For more information on how to view and or export the generated Visualizations, consider the [Vega Altair User Guide](https://altair-viz.github.io/user_guide/saving_charts.html). 



In [2]:
# imports
import altair as alt
data_url = "https://raw.githubusercontent.com/nickprbs/Forschungsprojekt/refs/heads/main/yearly_avg_downsampled.csv"

# Proportions used for the prototype
height = 615
width = 900
height_small = 307
width_small = 450

### Single-Chart Pipeline ###
Each chart created with Altair needs to be constructed through a pipeline. Although some steps are **optional**, their *order* **is not!** 
Here is the order that should be followed:
1. **Data**: Set the source of the data (e.g. as Dataframe, URL, etc.)
2. **Transformation**: Perform transformations on the data (e.g. calculate new columns, filter columns, aggregate data points...) 
3. **Visualization**: Choose the kind of visualization (e.g. Bar Chart)
4. **Encodings**: Encode meanings of the data (e.g. axes, colors, tooltips etc.)
5. **Properties**: Additional Properties of the chart (e.g. Width, Height, Title, etc.)

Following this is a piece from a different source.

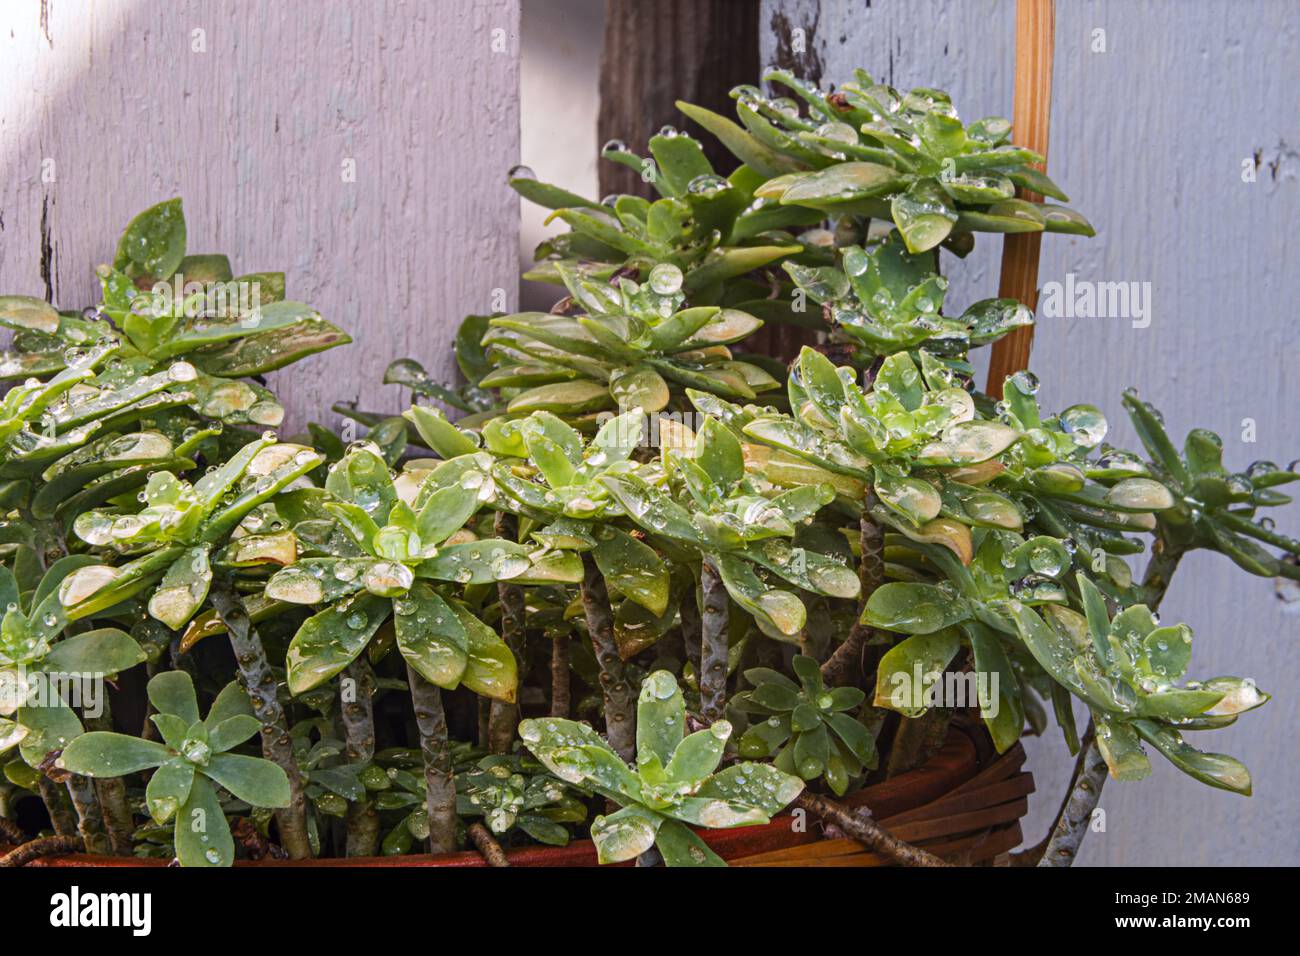 Une plante succulente dans un panier en osier avec des feuilles pleines de gouttes de pluie Banque D'Images

More information can be found in the [Vega-Altair User Guide](https://altair-viz.github.io/user_guide/data.html)

---
## 1. Bar Chart

In [3]:
# Bar chart with line
bar = alt.Chart(data_url).mark_bar().encode(
    x=alt.X('time:T', title='Year'),
    y=alt.Y('tas:Q', aggregate='mean', title='Average Surface Temperature (K)')
).properties(
    width=600,
    height=400
)

bar

This is very basic but works well. I want to improve the readability by **clustering** the years into groups of five and **scaling** the y-axis more to better show the actual trends. In this configuration, the data is imported through a URL link that contains the data in csv format. Therefore all calculations are not performed with the help of *pandas*. This could be an issue but for now, it is done manually. 

**scaled**:

In [4]:
bar_scaled = alt.Chart(data_url).mark_bar().encode(
    x=alt.X('time:T', title='Year'),
    y=alt.Y('tas:Q', aggregate='mean', title='Average Surface Temperature (K)', scale=alt.Scale(domain=[250, 300]))
).properties(
    width=600,
    height=400
)
bar_scaled

**scaled + clustered**: 

In [5]:
bar_scaled_clustered = alt.Chart(data_url).transform_calculate(
    year_group = "floor(year(datum.time)/5)*5"
).mark_bar().encode(
    x=alt.X('year_group:O', title='Year (Interval of 5)', axis=alt.Axis(labelAngle=0)),
    y=alt.Y('tas:Q', aggregate='mean', title='Average Surface Temperature (K)', scale=alt.Scale(domain=[250, 300]))
).properties(
    width=600,
    height=400
)
bar_scaled_clustered

Now, I want to add another line that schows the mean over the years. Because this reintroduces more data points ( average of every year instead of average of every five years), the x-axis needs to be altered: The x-axis of the bar chart is **binned** 

In [6]:
line = alt.Chart(data_url).transform_calculate(
    years = "year(datum.time)"
).mark_line(color='red', strokeWidth=3).encode(
    x=alt.X('years:Q', axis=None, scale=alt.Scale(domain=[2015, 2099])),
    y=alt.Y('tas:Q', aggregate='mean', scale=alt.Scale(domain=[250, 300]))
).properties(
    width=600,
    height=400
)


combined = (bar_scaled_clustered + line).resolve_axis(x='shared', y='shared')
combined

The structure of this graph is pretty good for as of now. However it is only **static**. We need it to be **interactive**. A challenge from a code-based perspective is the fact, that altough VegaAltair allows for many different and customizable interactions, the amount of interactions per graph is limited (from my current knowledge). This means that we may need to create several different interactive graphs. The code therefore needs to be reusable. For now, some basic interactions are tested and *then* the graphs are linked together in the last step.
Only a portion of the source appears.